ANYway, while on that trip I decided to sit down and just start writing the thing already. After all, eating an elephant begins with the first bite. So I expanded the chapter outline from one of my many grant proposals into three whole pages of text. I was 1% done! More importantly, it felt really good to have gotten "over the hump," as if I had finally acquired enough activation energy to start the reaction of writing. You see, I had been planning to wait until I had read "everything" and had a bird's eye view of my sources to draw out an argument. But that sort of wait-and-see methodology risks becoming procrastination while reading "just one more book," because I know that I prefer the passivity reading to the activity writing. So I feel good about exercising some discipline to write about things as I encounter them and have about 20 pages now.

From reading colleagues' work, I know that first dissertation chapters tend to run on the long side (60+ pages), as the author figures out what he or she is arguing. As my undergraduate thesis adviser told me, "You can't edit what you haven't written yet." So some of the pages I have written will probably be condensed down into paragraphs, or even sentences, as I distill my notes into a concise argument in 30 or 40 pages. I can't help but feel a little miffed, however, that the effort that went into all those pages will likely go unnoticed, and I am tempted to workshop a long version of my first chapter, just so that someone read all this stuff that I've been writing!

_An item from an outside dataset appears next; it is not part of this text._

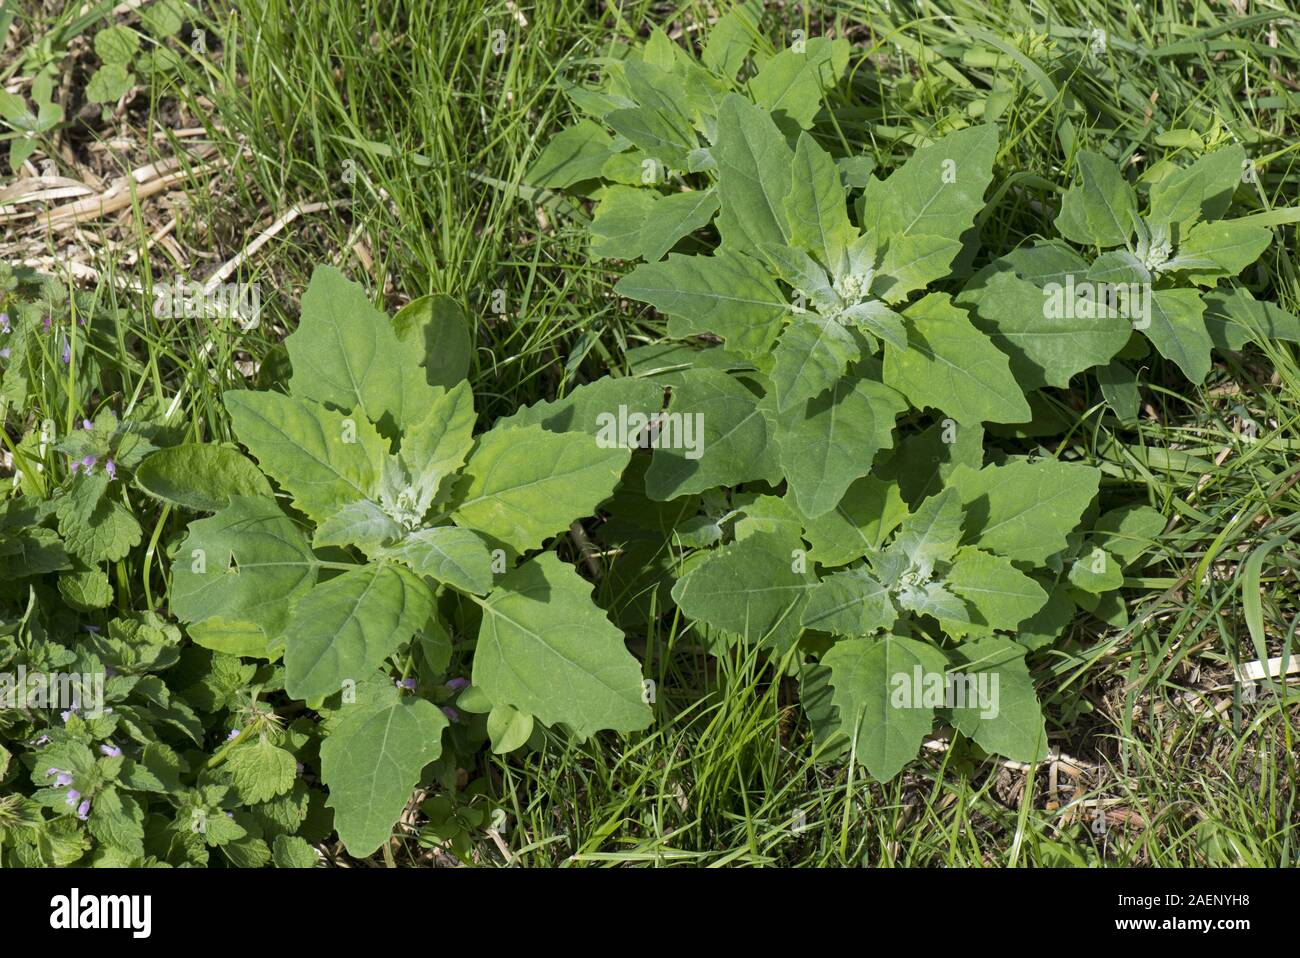 Fat hen or pigweed, Chenopodium album,young plants with young glaucous leaves, Berkshire, June Stock Photo

Here is where you come in, Dear Reader. I assume most of my ramblings are not interesting to you until I figure out what it is that I am arguing, but the following snippet of text will at least give you an idea of the shape of the project. While in a punny mood one evening, I realized that--if I didn't over do it--I might be able to present my dissertation using the metaphor of multi-course meal. At the end of the Acknowledgments section I lay out what amounts to a menu of what will be served in the pages to come:

In keeping with the theme of food and foodways, one could describe this dissertation as an eight-course meal, with each section or chapter representing a different course. The Acknowledgements are like the soup course: “to stimulate the stomach, not weigh it down.”* The Introduction to my theory of the “telescopic body” is meant “to flatter the gums,” as Henriette Davidis thought appetizers should. I will build my case in the succeeding chapters. With Chapter One, the starter, we have reached the main courses. Davidis suggested a light meat such as steamed poultry, or fish; I will review the by-now familiar history of the development of the New Knowledge of Nutrition in the first three decades of the twentieth century and offer a novel case study on the rations for the sick in Dresden during World War I. According to Davidis-Holle, the entree should be the most complicated dish and the highlight of the meal; Chapter Two will attempt to close the reception loop from producers of scientific information about the healthiest way to preapare vegetables to uses of that same information, namely housewives and the canning industry. By convention the next course consisted of either a roast with compote or a warm pudding: comfort food for a chapter that takes place at home. Chapter Three explores foodways in the ordinary kitchens in both city and countryside. Chapter Four returns to the topic of eating for health/food for the sick (Krankenkost), an apt parallel for the course of light vegetables without meat. The seventh, dessert, course concludes the meal; whereas a middle-class German Hausfrau might have served a torte or ice cream, I will summarize my argument and indicate what changed between 1900 and 1933/5 and what remained the same. The Epilogue looks at the concept of the Volkskörper and its fate up to the present; those who are sated may skip this course, as one may pass on the cheese, fruits, and sweets at the end of long and filling banquet. Finally, to give the reader a “taste” of early-twentieth-century Germany, I have opened each chapter with a representative selection of recipes. Guten Appetit!


*--Davidis-Holle, Das Praktische Kochbuch (1901), 740.